REmotely Monitored, Mobile Health Supported Multidomain Rehabilitation Program With High Intensity Interval Training for COVID-19

NCT ID: NCT05218083

Last Updated: 2025-06-08

Basic Information

• Recruitment Status: RECRUITING
• Clinical Phase: NA
• Total Enrollment: 120 participants
• Study Classification: INTERVENTIONAL
• Study Start Date: 2023-02-23
• Study Completion Date: 2026-11-01

Brief Summary

Multicenter, prospective, randomized controlled trial providing mobile health supported physical rehabilitation to 120 patients who have been critically ill with COVID-19 and who complete at least one exercise session.

Detailed Description

REmotely Monitored, Mhealth (REMM) supported High Intensity Interval Training (HIIT) to improve recovery after hospital discharge in patients with COVID-19 will evaluate the feasibility of clinical-, physiological- and patient-centered outcomes associated with a remotely monitored, mobile health-supported high intensity interval rehabilitation exercise training to improve the functional recovery of survivors who have experienced critical illness with COVID-19 and have been discharged home from the hospital.

Conditions

COVID-19; Critical Illness; ICU Acquired Weakness; PICS; Cardiorespiratory Fitness

Study Design

• Allocation Method: RANDOMIZED
• Intervention Model: PARALLEL
• Primary Study Purpose: TREATMENT
• Blinding Strategy: SINGLE

Study Groups

REmotely Monitored, Mobile health supported Multidomain Rehabilitation Program with HIIT

Patients will receive our REmotely monitored, Mobile health supported Multidomain Rehabilitation Program with High Intensity Interval Training Program (REMM-HIIT) with iWatch/iPhone.

Group Type: EXPERIMENTAL

REmotely monitored, Mobile health supported Multidomain Rehabilitation Program with High Intensity Interval Training (REMM-HIIT)

Intervention Type: BEHAVIORAL

REmotely Monitored, Mobile health-supported, High Intensity Interval Training consists of remotely monitored tailored, structured, progressive multidomain physical rehabilitation & personalized instruction & coaching.

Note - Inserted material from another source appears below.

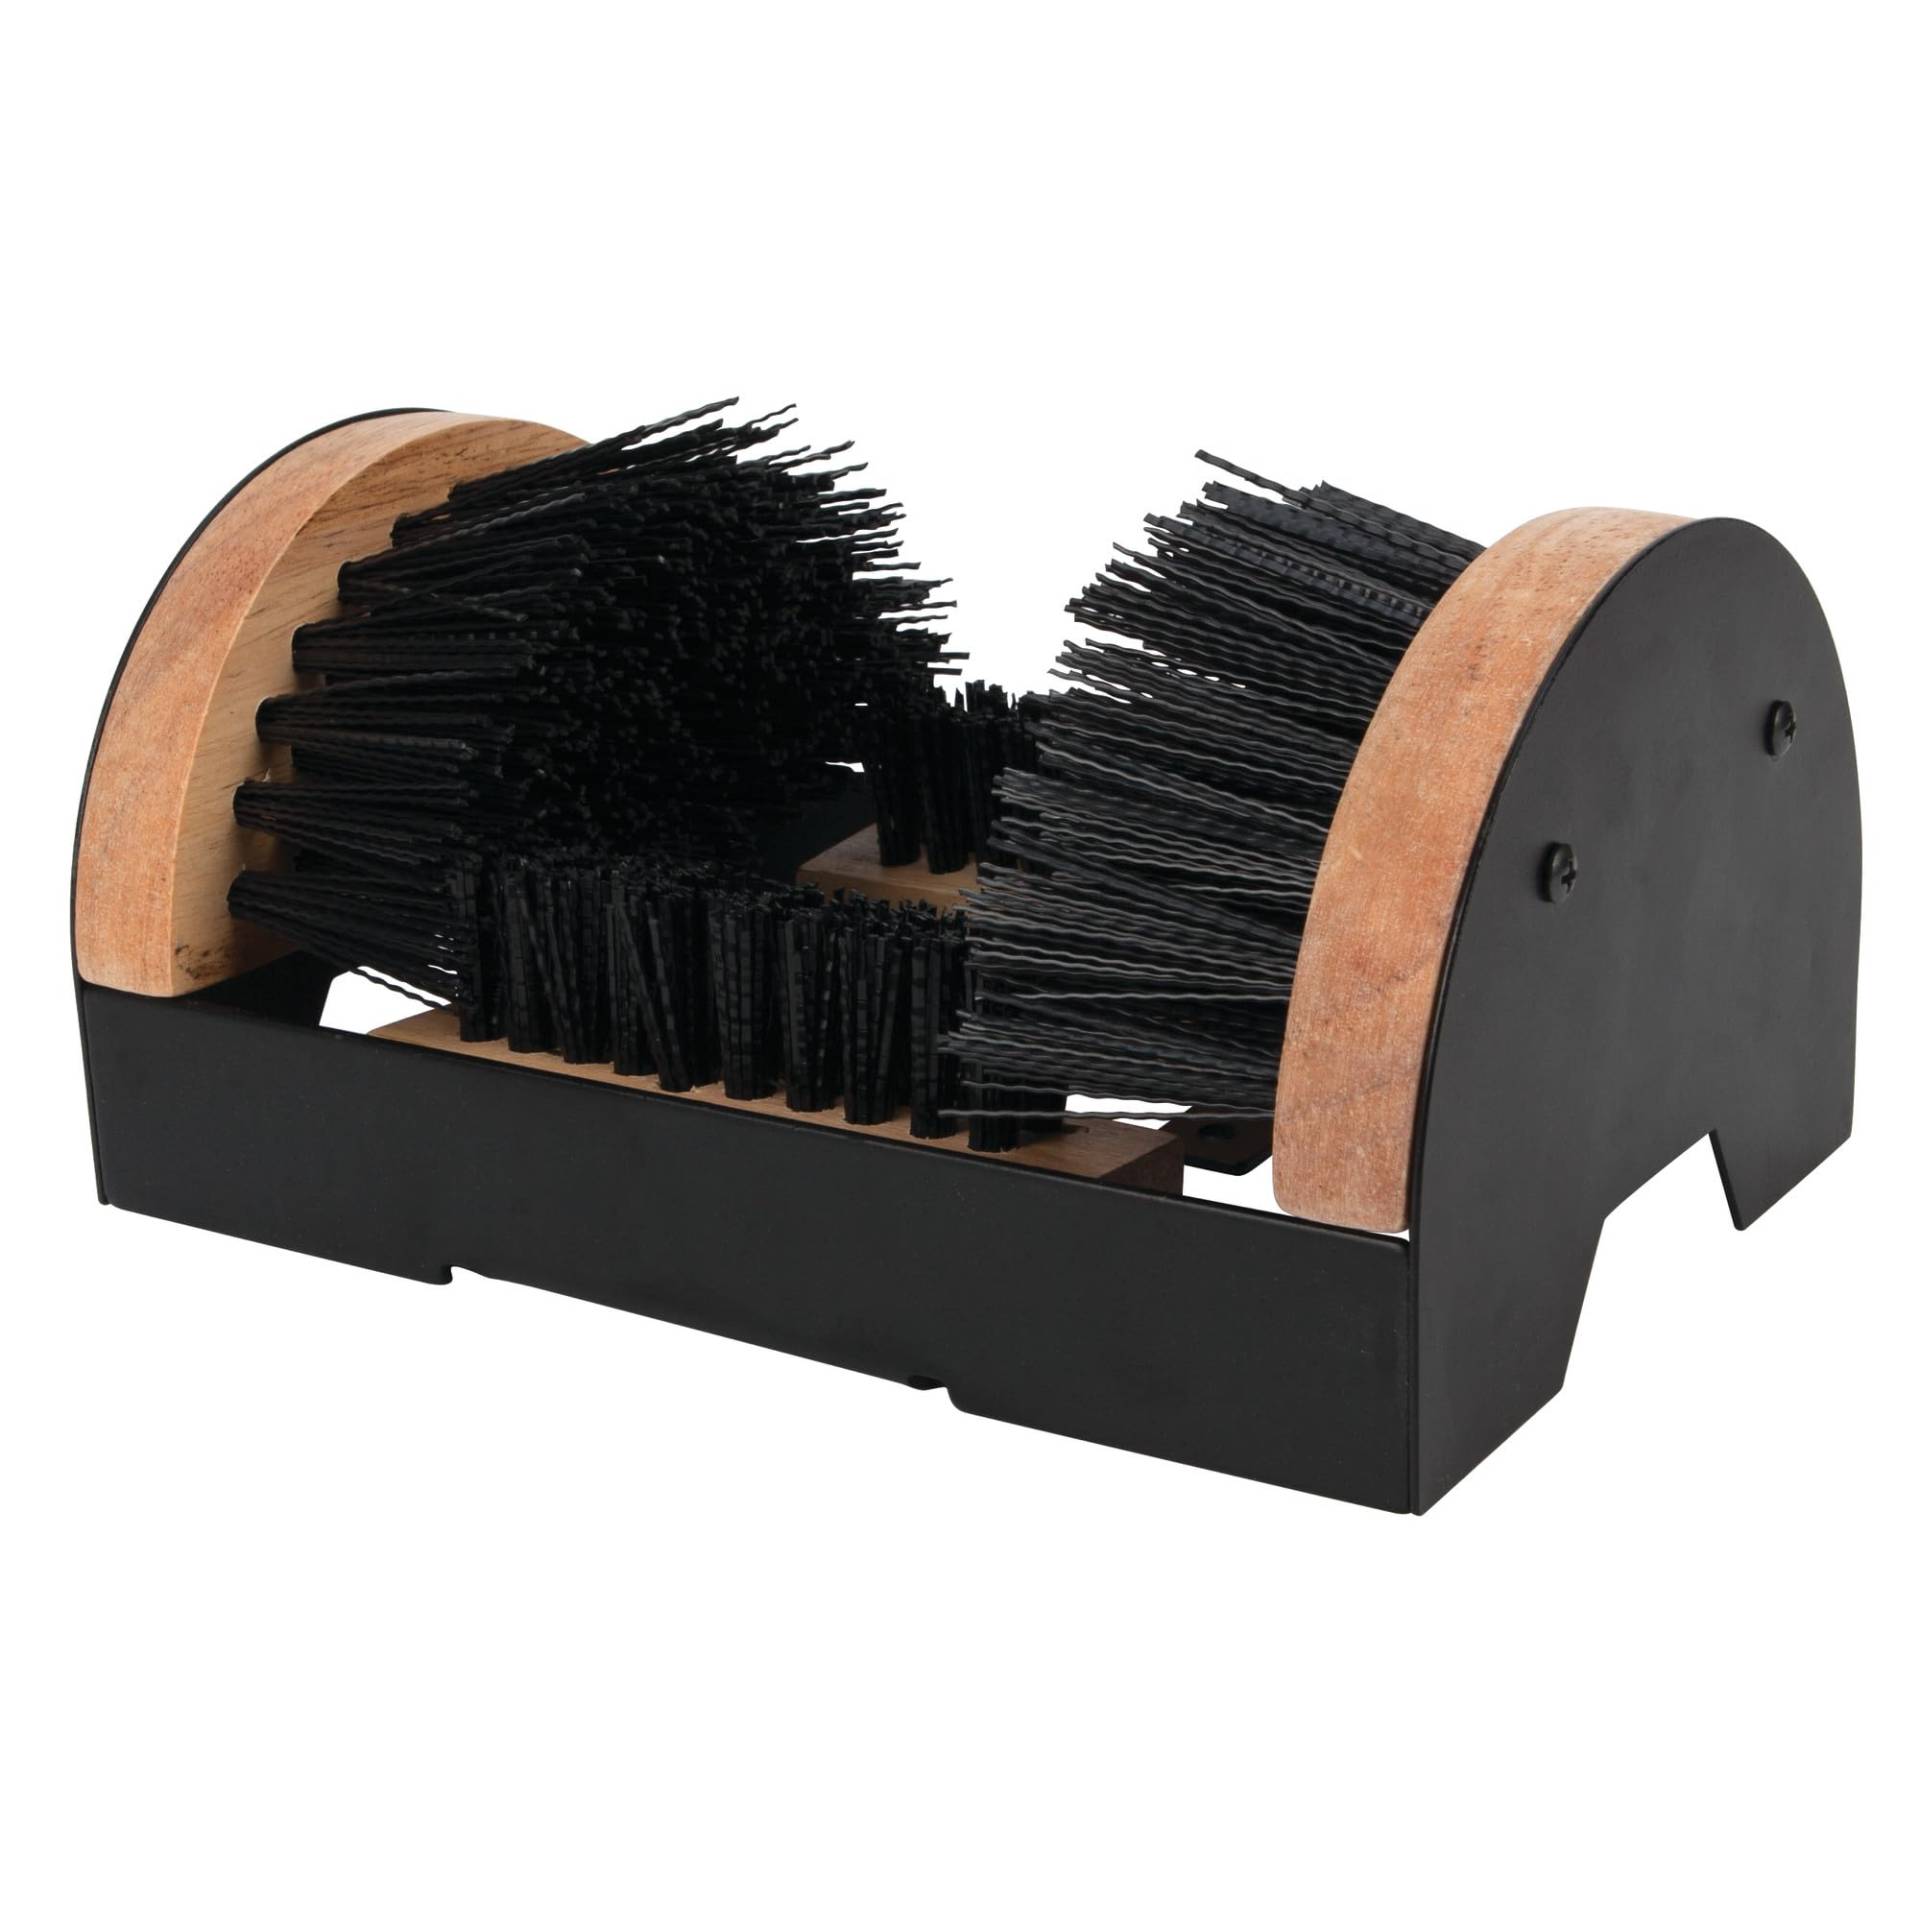 Performance Tool W9451 Boot Brush Cleaner Floor Mount With Hardware Indoor / Outdoor 4.7 x 9.5 x 6.5-Inches. von PERFORMANCE TOOL

Patients complete 3 structured exercise sessions/week consisting of HIIT, strength, balance, and mobility exercises. Following warmup, patients increase workload at a heart rate corresponding to 95% VO2peak for 1-minute before returning to warm-up speed for 1-minute at a heart rate corresponding to 60% VO2peak.

Strength includes functional strengthening exercises for lower extremities & general resistance exercises for major muscle groups.

Balance incorporates static & dynamic exercises, including progressively narrowing base of support with eyes open or closed, reaching forward & backward starting within base of support & progressing to outside base of support.

Mobility rehabilitation includes dynamic start/stop while walking and changing direction while walking.

Exercise education without personalized sessions or feedback

Patients will receive an exercise handout and iWatch/iPhone. Patients return home to exercise without personalized instruction and coaching.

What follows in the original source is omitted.